По мнению Дитерлена, это неприязненное отношение вытекает из того, что «чернокожие думают, будто белые желают им зла или не хотят им добра. Они не верят в их бескорыстие. Они не доверяют из страха быть обманутыми, обокраденными, обиженными, доведенными до несчастий. Эти чувства у них естественны, врожденны; они неодолимы и неискоренимы…» Возможно, это так на самом деле, это — горький опыт, о котором сообщает удрученный, но не обескураженный миссионер. Тем не менее, как это было видно, нежелание туземцев ложиться в больницу и находиться в ней кроется не только в общем и неискоренимом недоверии, но также и в том, что они ничего не понимают в том лечении, которому подвергаются, особенно тогда, когда нужны дни, недели, а иногда и месяцы, чтобы увидеть результаты, которые, по их мнению, должны были бы быть мгновенными. Именно это длительное пребывание в больнице более всего возбуждает их подозрение. Какие намерения могут быть у белого врача, могущественного колдуна, который их так долго задерживает? Что он собирается сделать с ними?
Таким образом, границы отмеченного нами недоразумения между туземным больным и его врачом-европейцем определены.
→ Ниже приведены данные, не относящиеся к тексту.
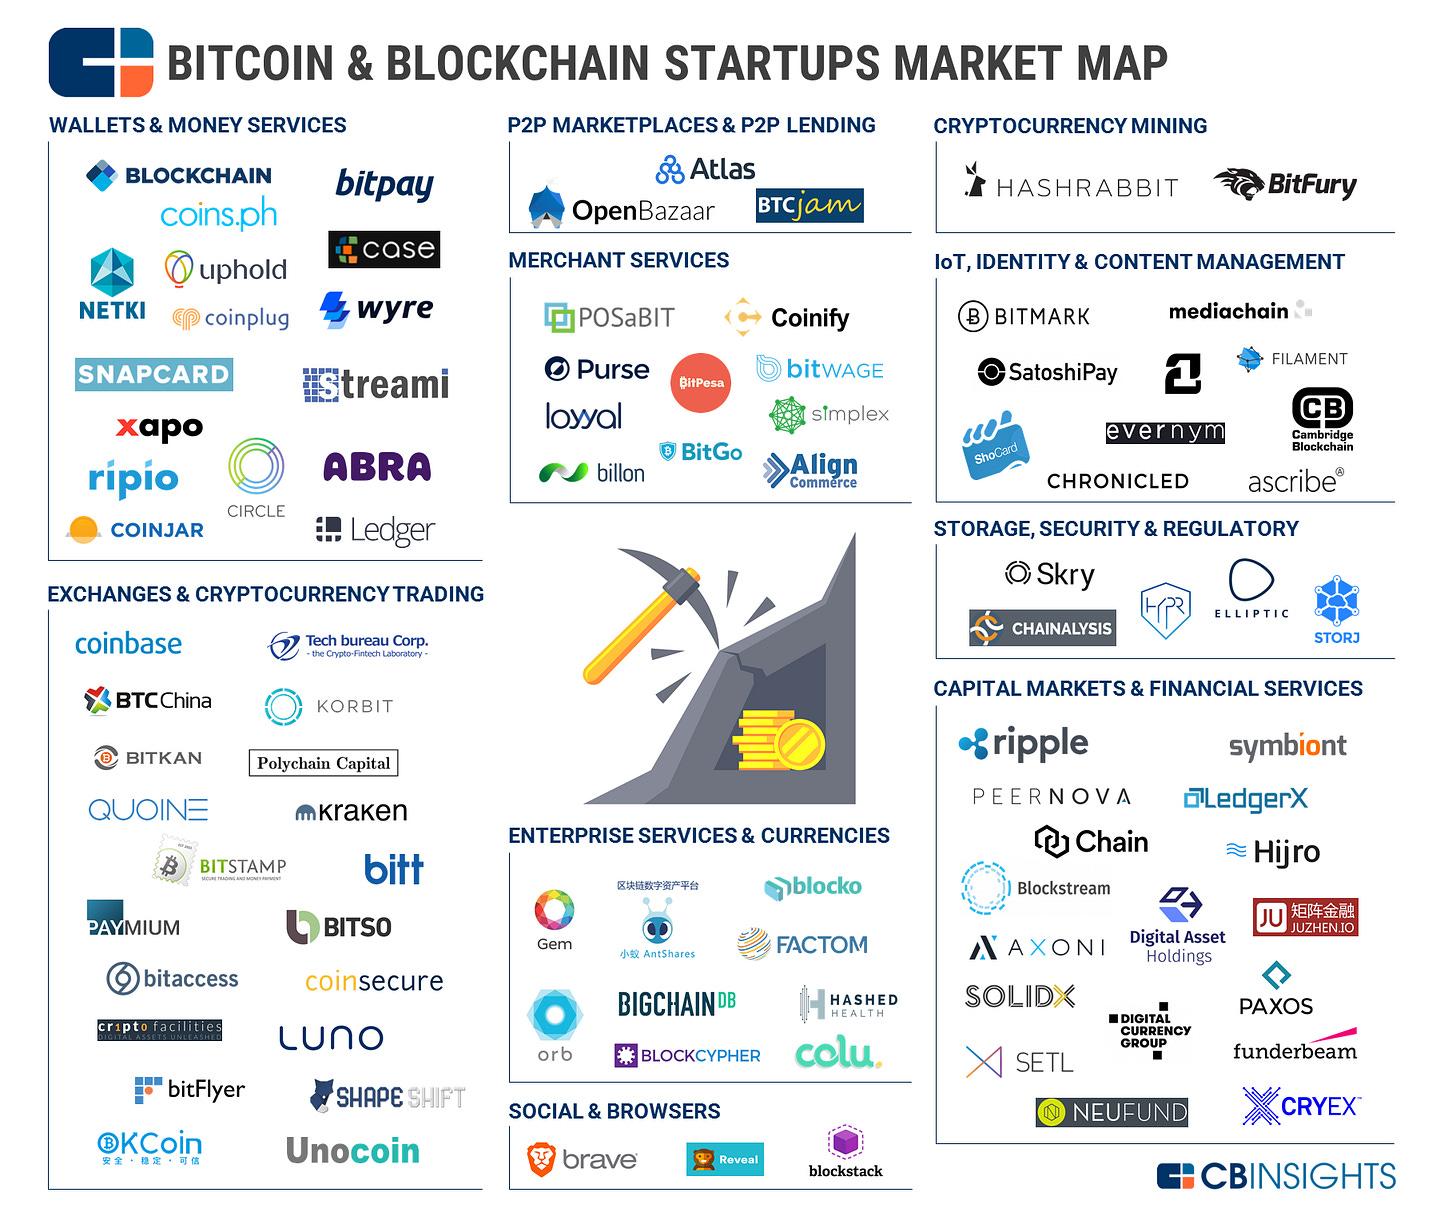 2017.02.07 Blockchain Market Map v6

Чем больше старается врач ради своего клиента, чем труднее и сложнее лечение, особенно если ему пришлось госпитализировать больного у себя, кормить его, ухаживать за ним, заставлять его соблюдать режим, тем с большим основанием он полагает, что заслужил право на его признательность и тем более он рассчитывает по крайней мере на благодарность. Впрочем, туземец, без сомнения, поблагодарил бы его, если бы вылечился в одно мгновение, если бы, как он ожидал, лекарства оказали бы свое действие словно по мановению волшебной палочки. Однако все обстоятельства, которые ставит себе в заслугу врач, наоборот, беспокоят и восстанавливают против него его больного. Идут дни, одни лекарства сменяют другие, перевязки следуют за перевязками; с большей или меньшей охотой пациент подчиняется всему, однако полагает при этом, что врач должен быть ему благодарен и что именно он, пациент, должен бы иметь право на благодарность. По мере того как продолжается лечение, врач все больше становится обязанным больному, который на это лечение соглашается.
Именно это хорошо понял Трий, когда отметил в только что цитировавшейся работе: «Много раз европейцы бывали удивлены и возмущены, видя, что туземцы, которых они таким образом лечили, далеки от признательности им за это, что они, напротив, требуют за это плату. Правы и больной, и врач, каждый по-своему. Врач с нашими европейскими и христианскими представлениями справедливо возмущается при виде такого пренебрежения его почти всегда бескорыстной самоотверженностью. Что же касается больного, то он тоже прав: в этой ситуации он полагает, что стал простым объектом эксперимента»[36]
.Остается, видимо, еще объяснить упорство, с которым туземец требует от врача-европейца подарка за то, что тот его лечил, и часто даже выражает намерение прийти и потребовать другие подарки, до бесконечности. Сталкиваясь с отказом, он становится грубым, бранится, а когда осмеливается — мстит. Он выглядит как человек, удивленный и негодующий из-за того, что его лишают положенного по праву, а искренность и сила этих чувств не вызывают сомнения.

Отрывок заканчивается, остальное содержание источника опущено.